If you would like to comment on what you have read here, I would love to hear from you. Please email me at email@example.com. Please keep in mind that if you’re a NERC entity, Tom Alrich LLC can help you with NERC CIP issues or challenges like what is discussed in this post – especially on compliance with CIP-013. And if you’re a security vendor to the power industry, TALLC can help you by developing marketing materials, delivering webinars, etc. To discuss any of this, you can email me at the same address.
[i] To speak more accurately, the problem isn’t exactly that R1.1 doesn’t provide information about what should be in the plan. The real problem is that NERC’s very prescriptive enforcement format (based on auditing, of course), simply isn’t suited for plan-based requirements like CIP-013 R1. If there were a collaborative format in which the Regions could freely work with an entity to make sure they developed a good plan, then worked with them to make sure the plan was implemented well, the fact that R1.1 doesn’t provide much guidance on what should be in the plan wouldn’t matter so much.
But because NERC only knows how to do strict auditing-based enforcement, it simply isn’t possible for them to officially work with the entity to understand what they need to do to develop a good plan – because of auditor independence concerns, of course. To some degree, all of the Regions actually do work with their member entities as they come into compliance – and some more than others. But it is always a kind of don’t ask/don’t tell sort of enterprise. I hope someday NERC can have a different enforcement model for the CIP standards, since cybersecurity is completely different from electrical engineering – which is ultimately what the 693 standards are based on. Prescriptive requirements and audits just don’t work for cyber.
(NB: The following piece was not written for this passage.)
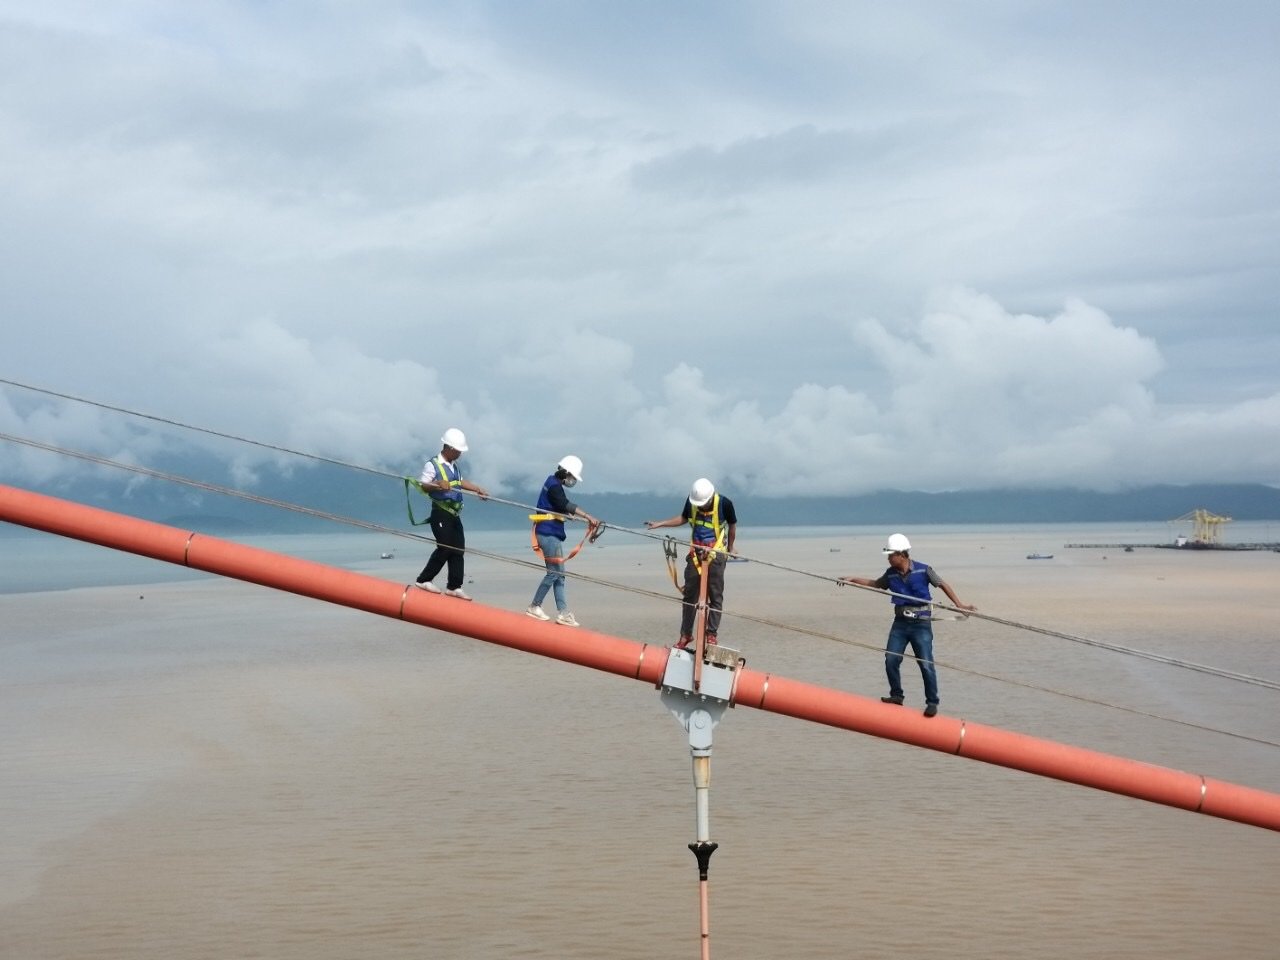 Đội kỹ thuật Xí nghiệp Cầu Đà Nẵng kiểm tra, bảo dưỡng cầu Thuận Phước

[ii] However, this is a pretty amazing omission. It would be like an ordinance for obeying stop signs spending a lot of time describing the different types of stop signs, but never actually requiring that you stop for one! As I said, I don’t think there’s any possibility that this omission will invalidate CIP-013-1, but I certainly hope FERC adds this to their to-do list for NERC for CIP-013-2, as they develop their Order approving CIP-013-1. I can think of a few other things I would like to see on that to-do list as well, so if one of the Commissioners wants to call me or invite me over for beers (I would come, even though I live in Chicago! – although I wish they’d invited me when I was in DC and McLean, VA last week), I’ll be glad to describe my ideas to them. These have all been stated in my posts at various times, but who has time to read through all of those things? I certainly don’t.
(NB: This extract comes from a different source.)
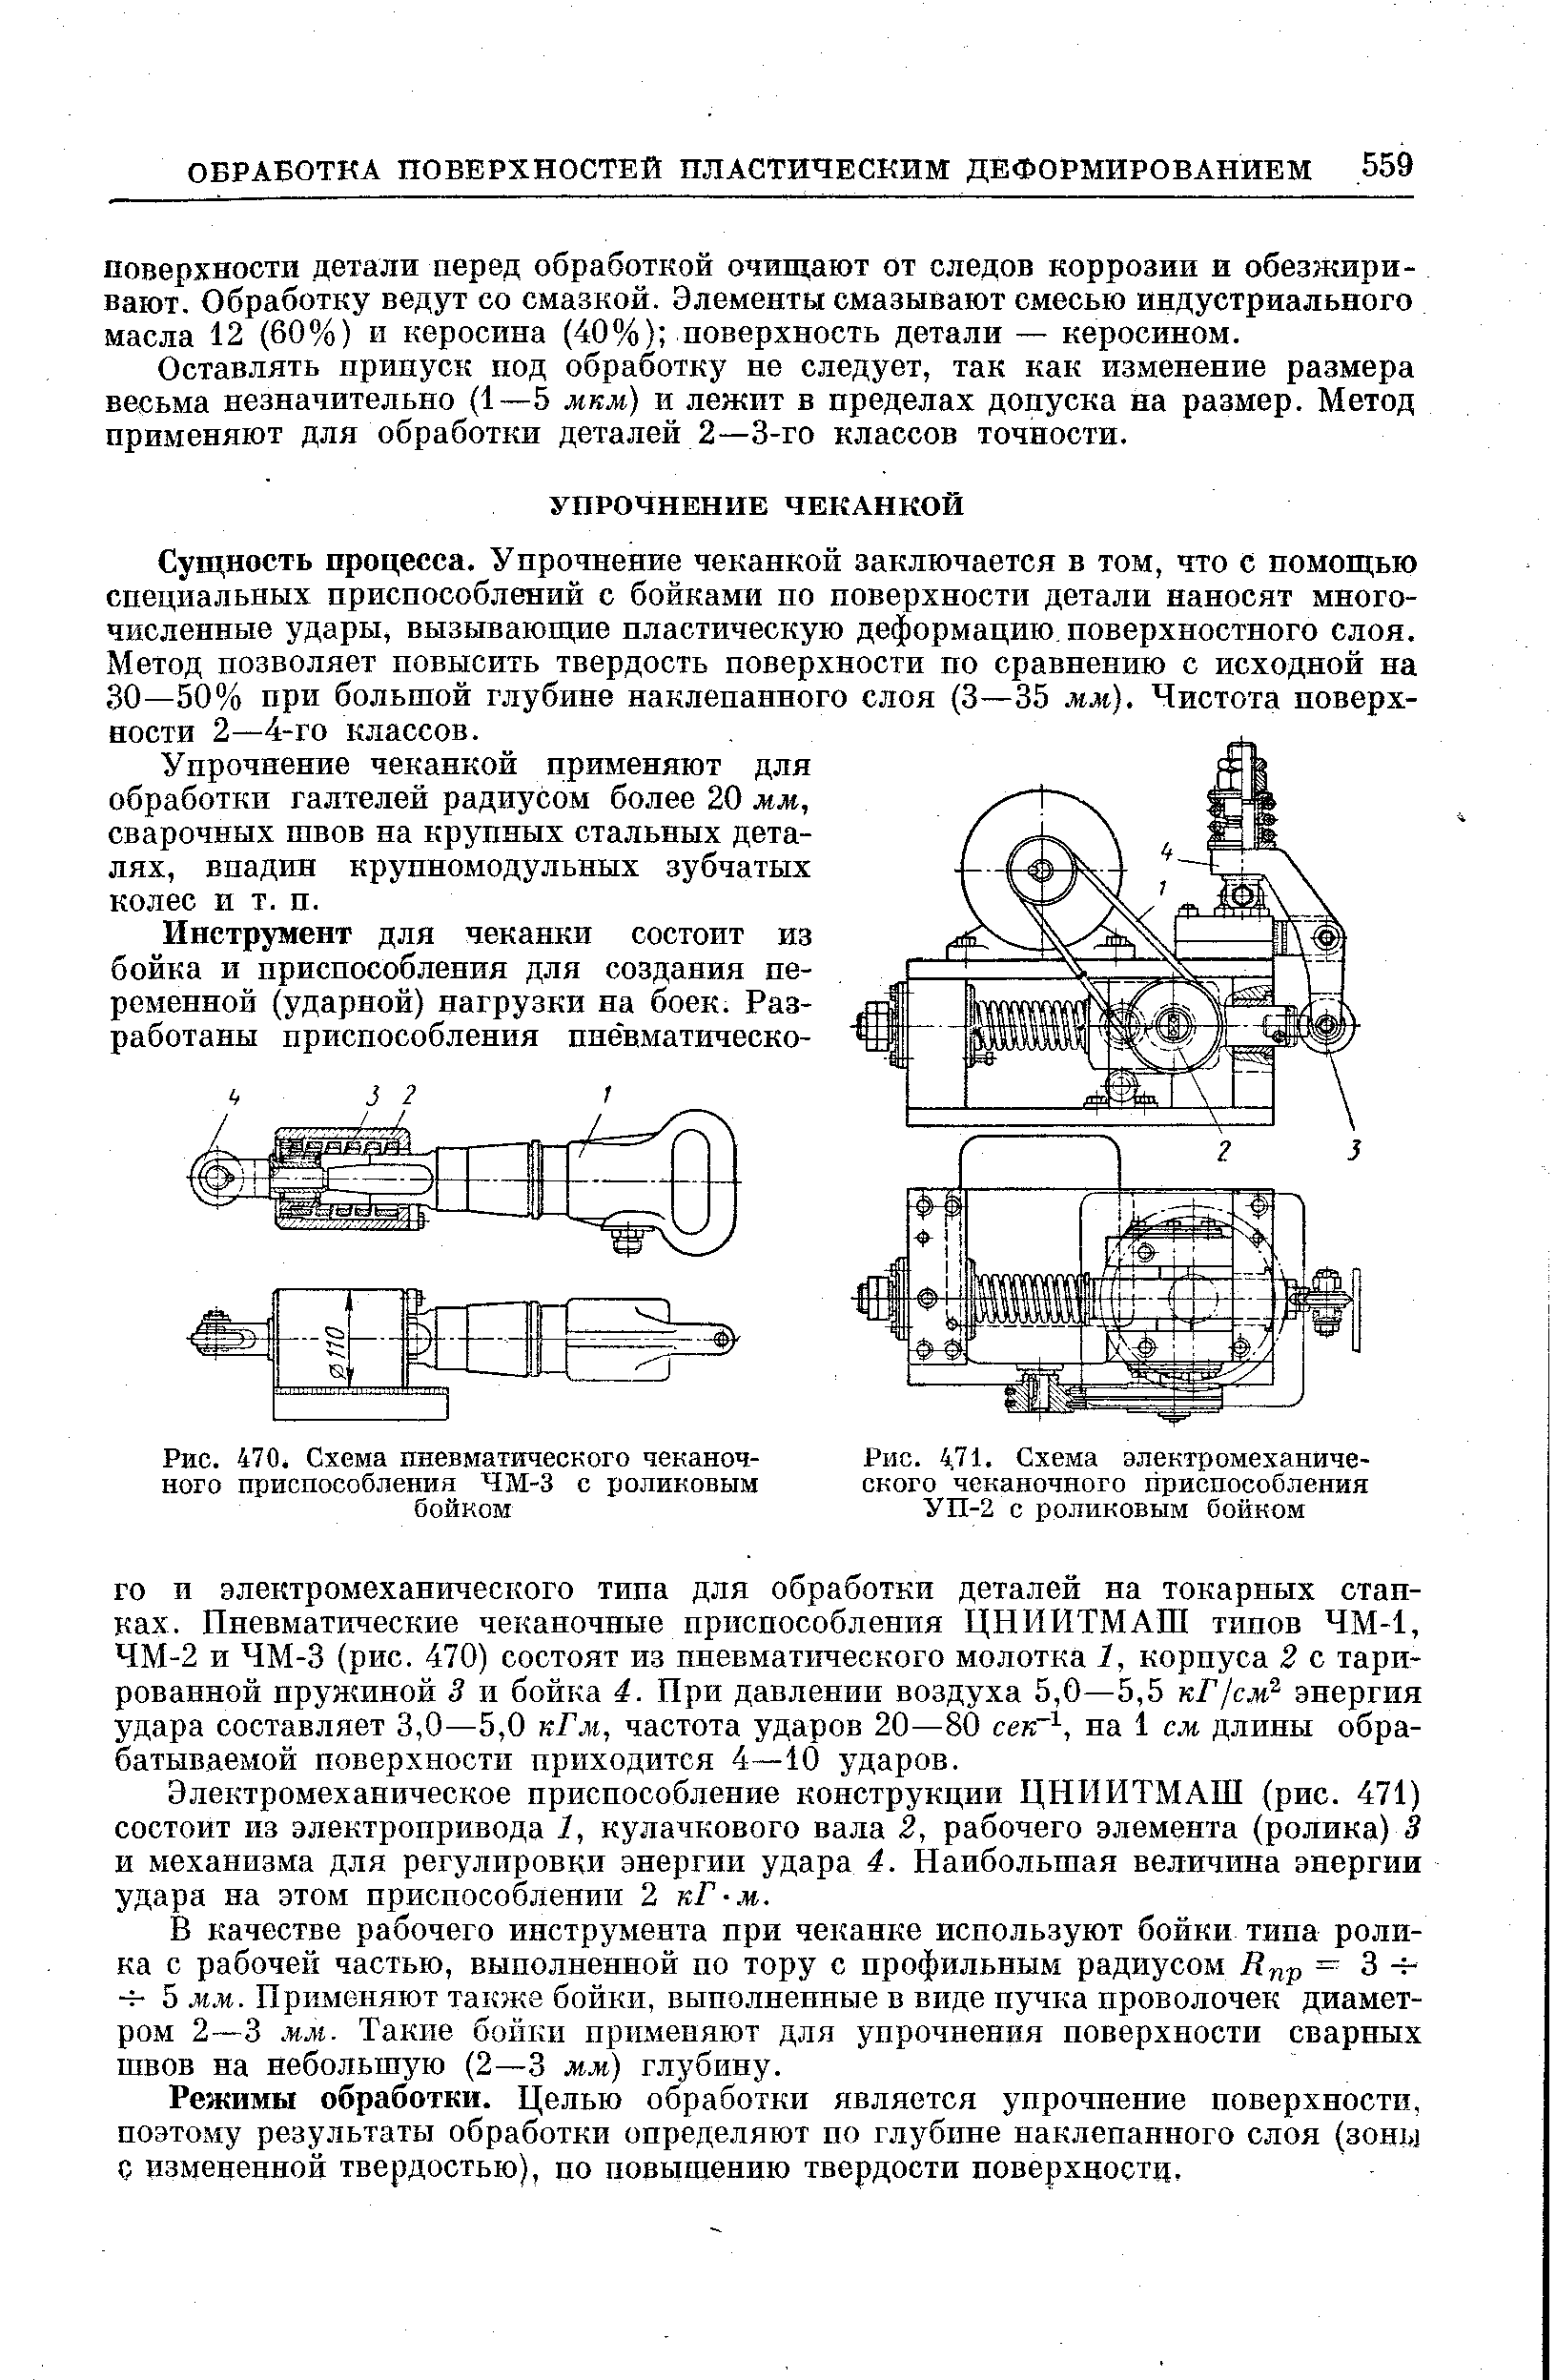 Рис. 470. Схема пневматического чеканочного приспособления ЧМ-3 с роликовым бойком

[iii] The one exception to this rule that I know of is the recent NERC Supply Chain Risk Assessment report, which was prepared by EPRI. It is a good document, and does list some different supply chain risks that have nothing to do with the six things. However, it also doesn’t even pretend to provide guidance for CIP-013 compliance.
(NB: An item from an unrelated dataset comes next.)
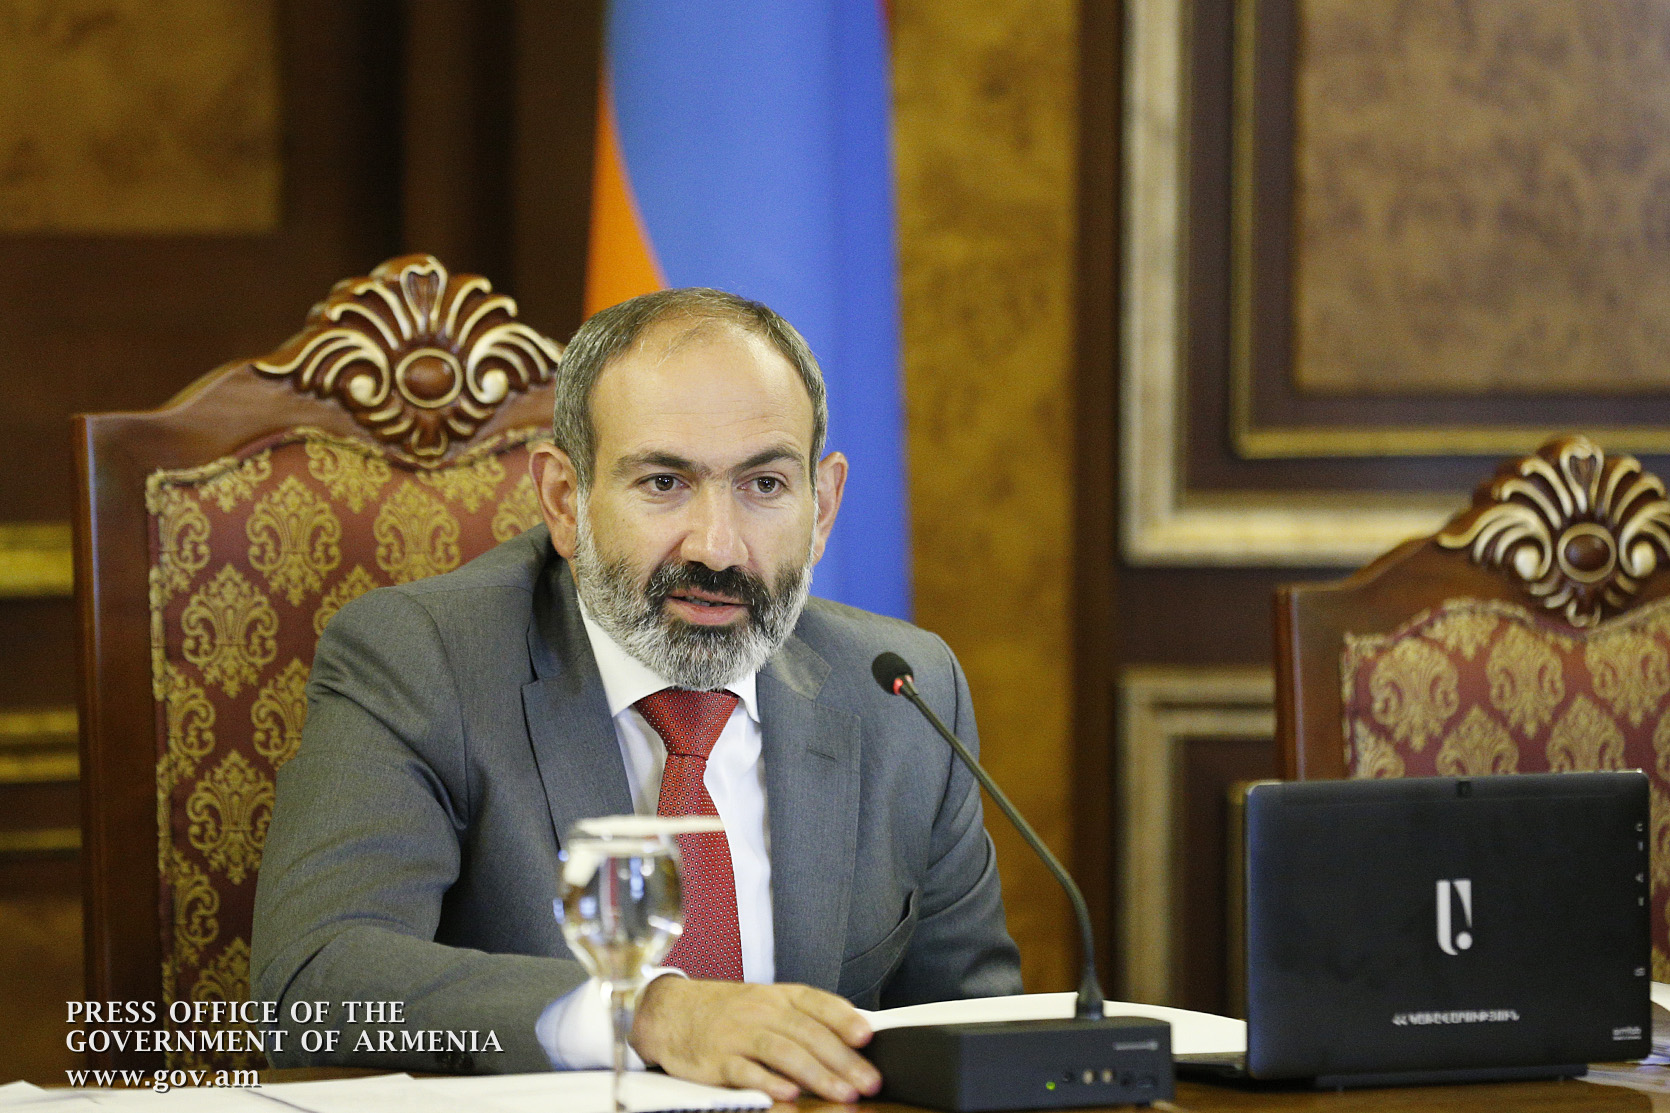 Правительство Армении отдало предпочтение компьютерной технике армянского производства

[iv] The six mitigations appear at different points in the order, but they all were directly ordered by FERC. The drafting team had the good idea to gather them all in one place in the new standard, rather than have six separate prescriptive requirements for them.
[vi] I admit this person brought up his question during a different discussion of CIP-013 on the first day of the conference (Howard spoke on the second day). My response discussed below was also given on the first day.